The destination for the notifications. This can be a chat ID number for private notifications, or a channel @username for public notifications.

Click fa-save Save at the bottom of the page to store the settings before proceeding.

Click fa-send Test Telegram Settings to generate a test notification and send it using the Telegram API with the previously stored settings. Save settings before clicking this button.

Pushover

The notification system supports the Pushover API which can send notifications to desktops and mobile devices, among others.

Note

Using the Pushover API requires a Pushover account user key and API key (Pushover Registration).

Enable Pushover

When set, the firewall will attempt to send remote notifications using the Pushover API and the settings in this section.

API Key

Required. The Pushover API Key (Pushover Registration) the firewall will use to authenticate with the Pushover API server.

User Key

Required. The User Key (Pushover Registration) of the Pushover account to which the API Key belongs.

Notification Sound

The notification sound that the end user device (Phone, etc) will play when notification messages are sent by the firewall.

See also

For a list of sounds and audio, see the Pushover API Notification Sounds Documentation.

Message Priority

The message priority for firewall notifications.

Note

For more information about the priorities and their meanings, see the Pushover API Priority Documentation.

The following priorities are available:

Normal

Default setting. May trigger sound, vibration, and notification display depending on the user settings and client platform.

Lowest

No sound or vibration, but increases the notification count on some platforms.

Low

No sound or vibration. May trigger a notification display depending on the user settings and client platform.

High

Always play sound and vibrate. Bypasses pre-set quiet hours.
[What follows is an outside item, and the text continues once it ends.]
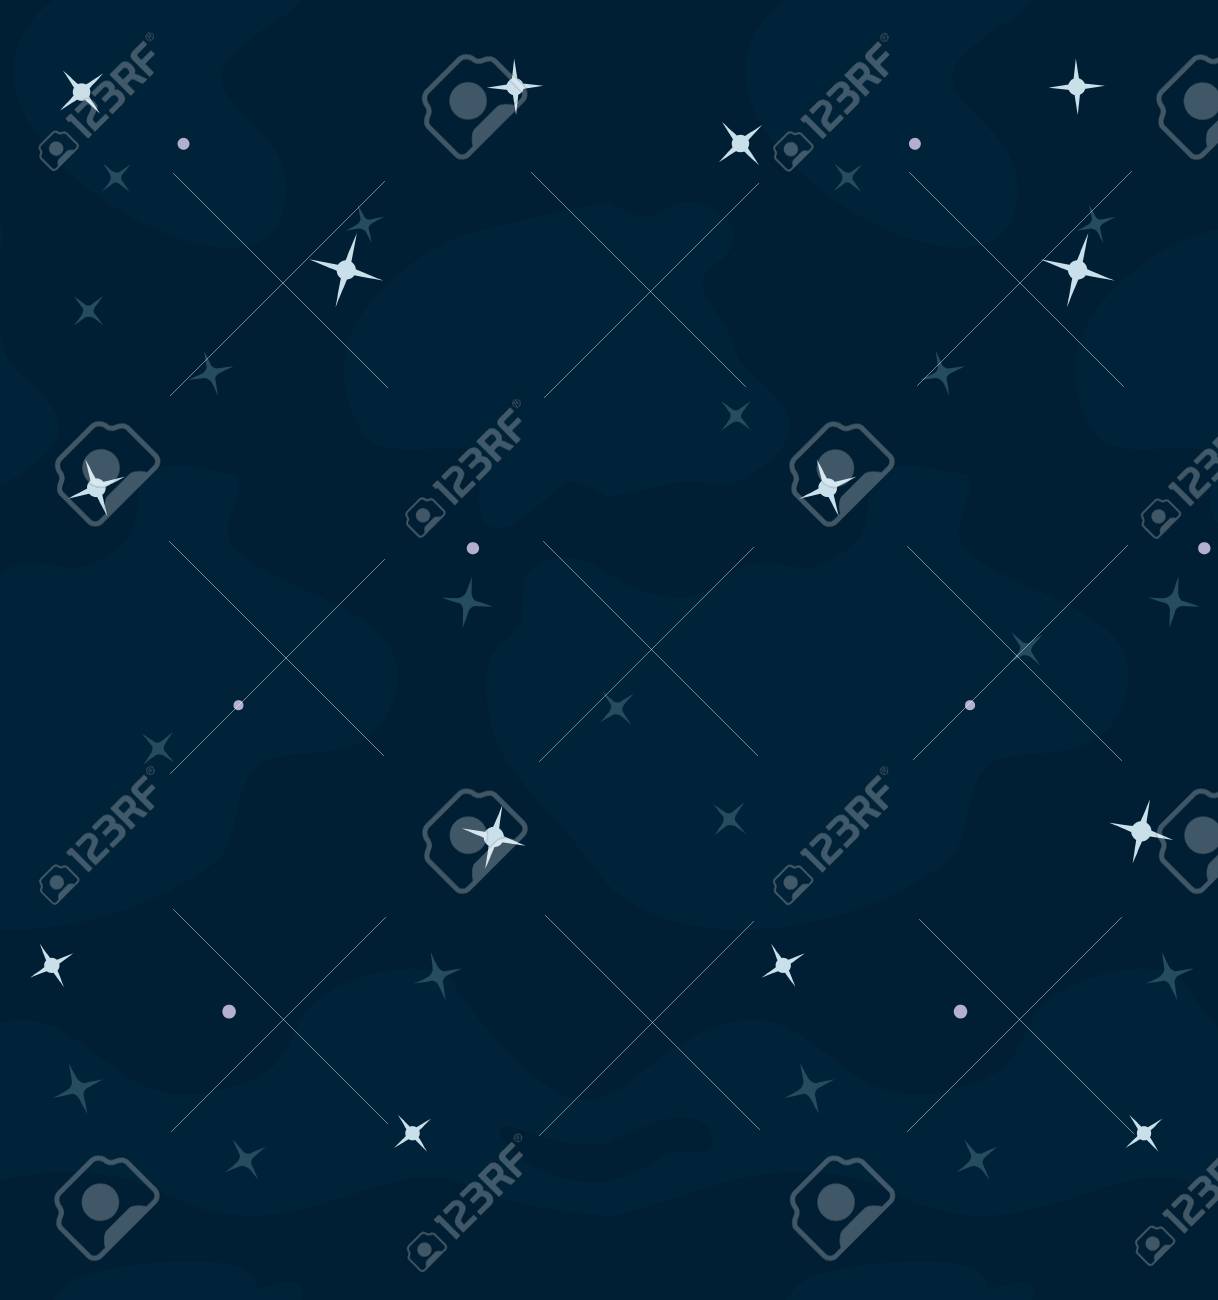 Space Vector Cartoon Background With Stars Royalty

Notification display is highlighted in red.

Emergency

Similar to High priority, but the notification is repeated until acknowledged by the user.

Emergency Priority Notification Retry Interval

The amount of time, in seconds, the Pushover servers will send the same notification for Emergency priority notifications until the notification is acknowledged.

This parameter must have a value of at least 30 seconds between retries. Default is 60 seconds (1 minute).

Emergency Priority Notification Expiration

The duration, in seconds, for which Emergency priority notifications will be retried until the notification is acknowledged. Notifications will be resent at intervals determined by the value of Emergency Priority Notification Retry Interval.

This parameter must have a maximum value of at most 10800 seconds (3 hours). Default is 300 seconds (5 minutes).

Click fa-save Save at the bottom of the page to store the settings before proceeding.

Click fa-send Test Pushover Settings to generate a test notification and send it using the Pushover API with the previously stored settings. Save settings before clicking this button.